Spamproofing the Archives

From: Sean 'Captain Napalm' Conner <spc_at_conman.org>
Date: Sat Dec 7 19:17:01 2002

Jeffrey Sharp wrote:
>
> Right. No database.
>
> The encryption need not be complex. A simple rotation or XOR scheme would be
> sufficient. The idea is that it is not worth it to the spammer to figure out
> the scheme used at this one little site, and it's something that
> general-purpose harvesting heuristics aren't likely to notice.

  Any reason for no database? It doesn't have to be a SQL based one---if
you are using Unix you probably have either the Berkeley DB or the GNU DB
library which is good for simple key/value pairs [1] and doesn't require
setting up a connection to a real database server. Make the key the MD5
hash and really, that's all you need. When a message comes in to be
archived, you just MD5 the sender's address, look it up in the db file and
if not there, add the record.

  Trying to encrypt the email address is doable, but if you do a simple
method like rotation or XOR it *will* be cracked. All a potential spammer
has to do is subscribe to the list and post a message. Once it's archived
he can then pick up his encrypted email address and reverse engineer the
scheme. *Will* a spammer do such a thing? Probably not, but there is that
possibility and it's fairly easy to crack simple encryption schemes when you
know the plain text.

  Using DES (or 3DES or any other block-encryption scheme) is much better
but that relies on the key being safe (a fair conclusion) but the key is
*still* recoverable since the plain text is (or could be) known, but
cracking DES this way may be more expensive than a spammer is willing to
spend, so this may be a viable method as well.

Eric Smith has been known to write:
>
> In practice, a lot of people have had trouble with this.
>
> Make damn sure that whatever CGI script you use defends against any
> characters in the email form being interpreted as any sort of
> metacharacters. Of course, you have to do this for *any* web forms,
> but for some reason email forms seem to be especially susceptible,
> possibly because a lot of CGI scripts don't do enough validation then
> just dump all the data into a "mail" command. This has vulnerabilities
> for both command argument processing by the shell, and by strange and
> wondrous things that happen inside Sendmail.

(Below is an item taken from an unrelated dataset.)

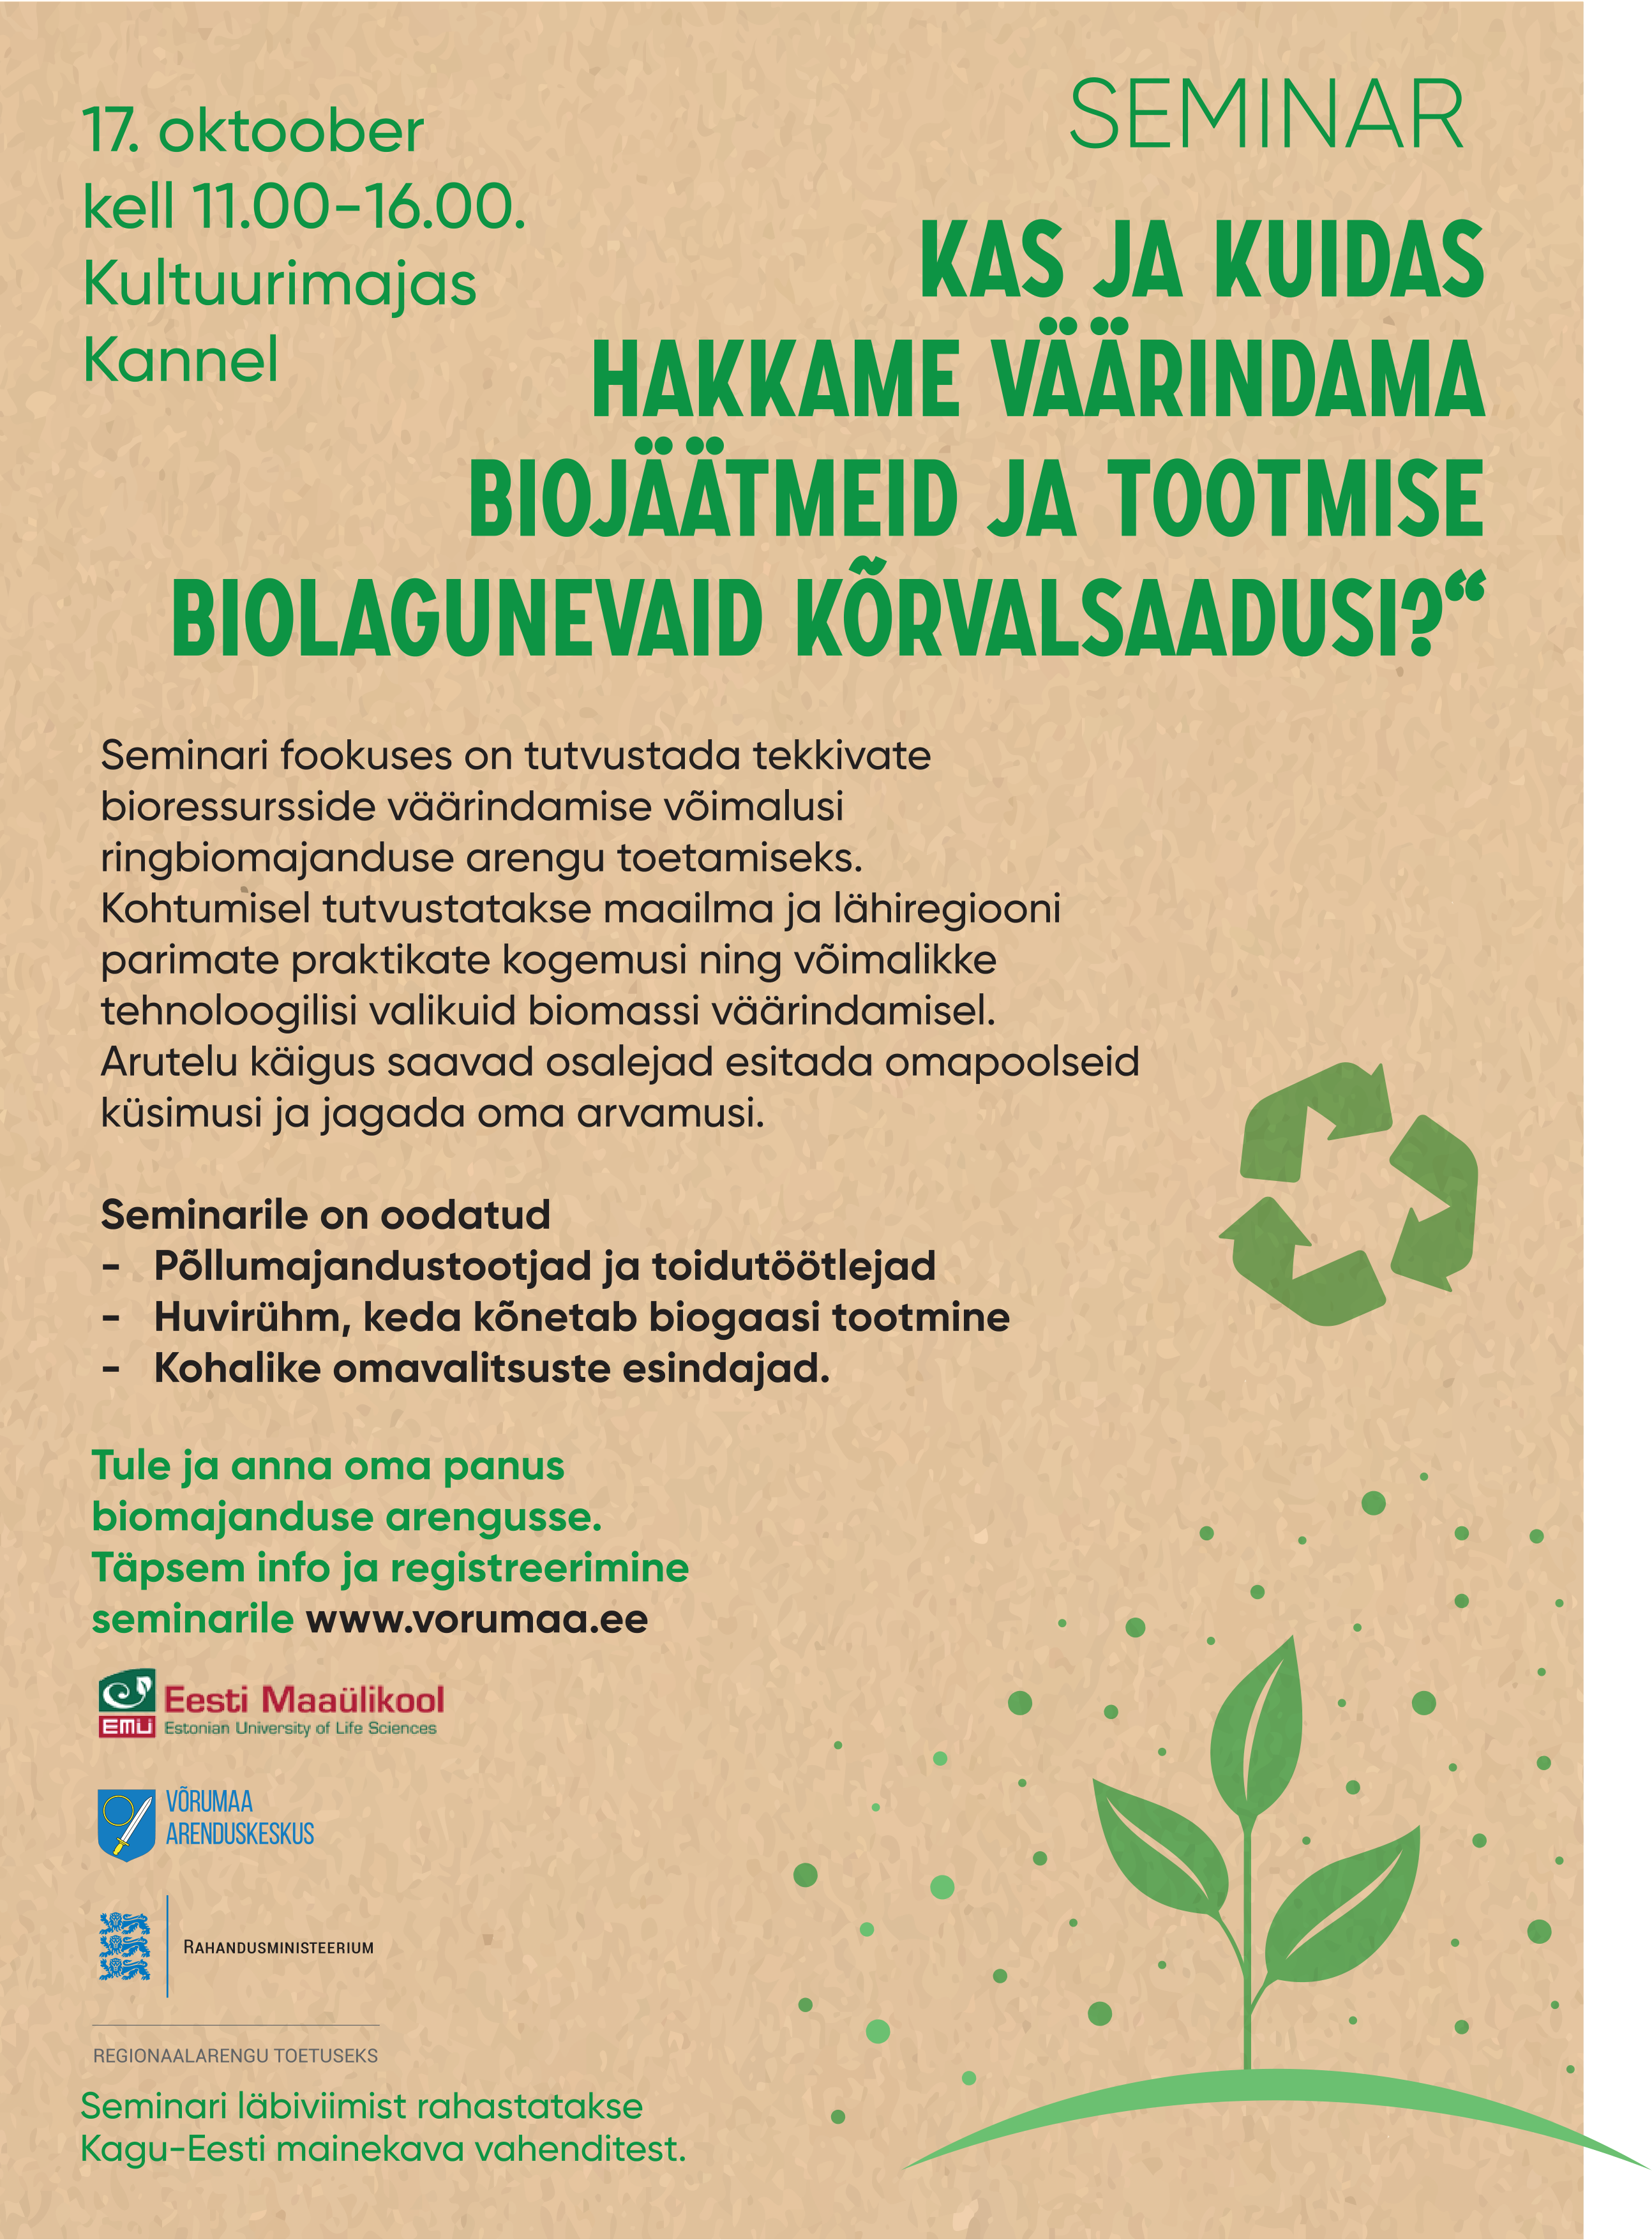 Seminar “Kas ja kuidas hakkame väärindama biojäätmeid ja tootmise biolagunevaid kõrvalsaadusi?”
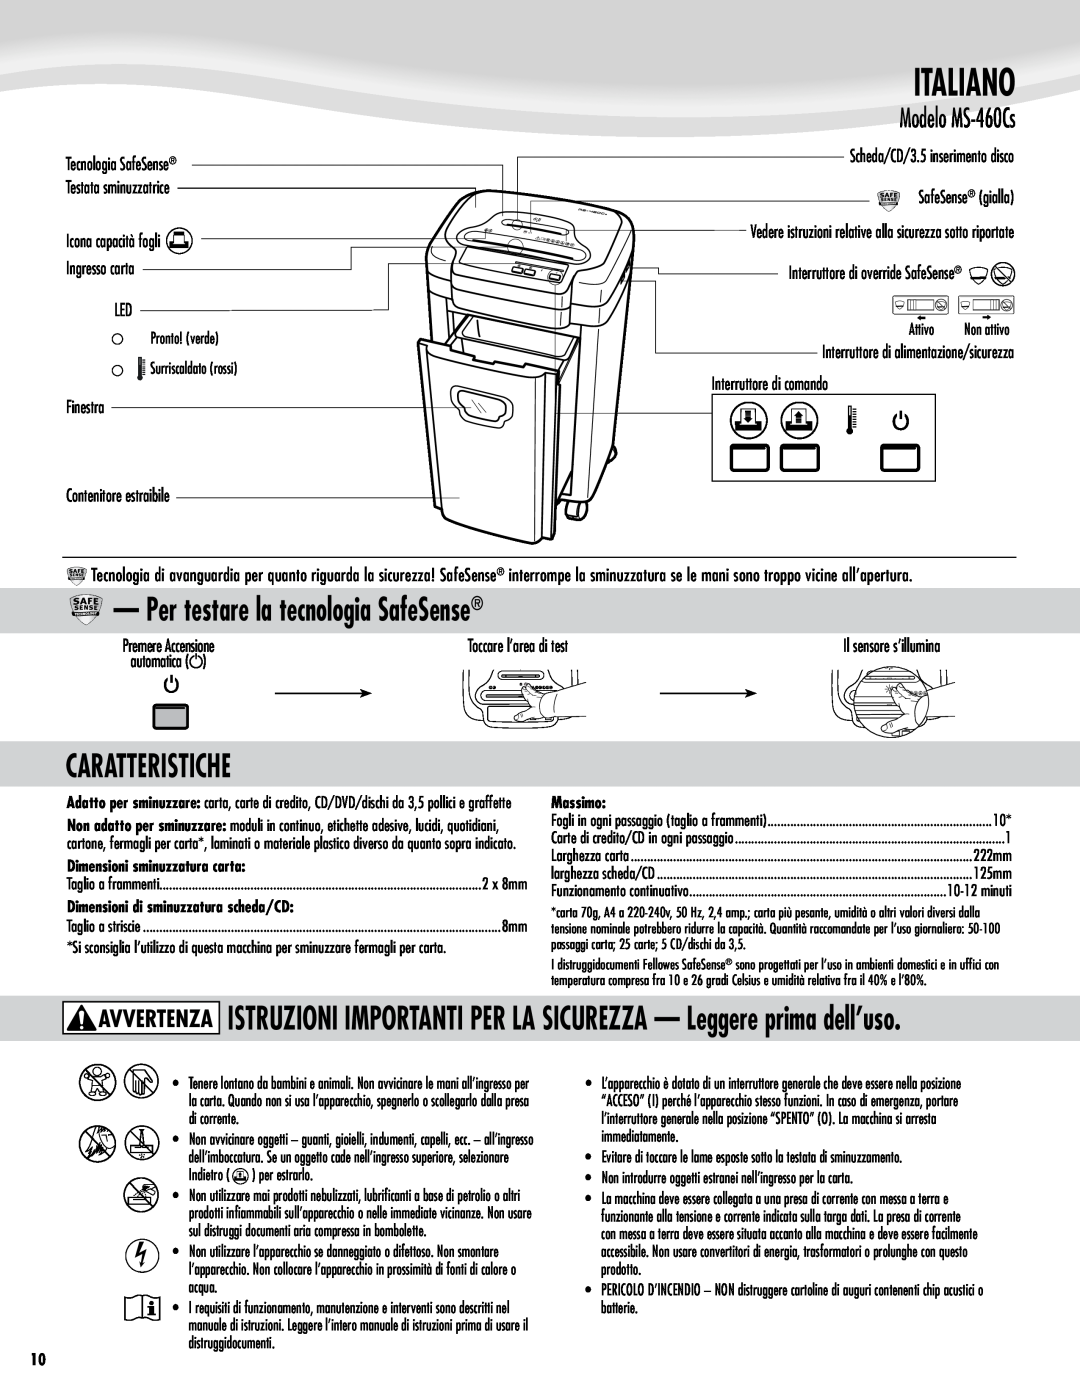 Fellowes Model MS-460Cs manual Italiano, Per testare la tecnologia SafeSense, Caratteristiche, Modelo MS-460Cs, Massimo

  I've done similar things and haven't had a problem, one I attribute to is
using C for all my CGI needs (odd, but true). But I've never *embeded* the
email address to send to as a hidden field in the webpage---it's either
stored in the program, or in a file the webserver can't see but the CGI
program can.

  Validating email address is a bit more difficult but the heuristics I've
used have been good enough---check to see that the TLD (the last part of the
address) is valid (either .com, .org, .edu, etc., or a valid country code)
and that there are at least two (three for country code based domains)
segments to the domain portion of the address, and that there's at least one
_at_ sign and no other oddities in the user portion (like a UUCP style address
in an attempt to relay). That alone will probably save you (or rather, your
mail server) quite a bit of work.
 
Eric Smith still:
>
> If I understand the original proposal, it was to replace email addresses
> on the web pages with links of the form
> http://site/cgi_form?id=encrypted_email_address
>
> The user would click the link, and the CGI script on the server would
> first verify that it thinks the user is a person, not a robot, then
> decrypt the email address and return the cleartext.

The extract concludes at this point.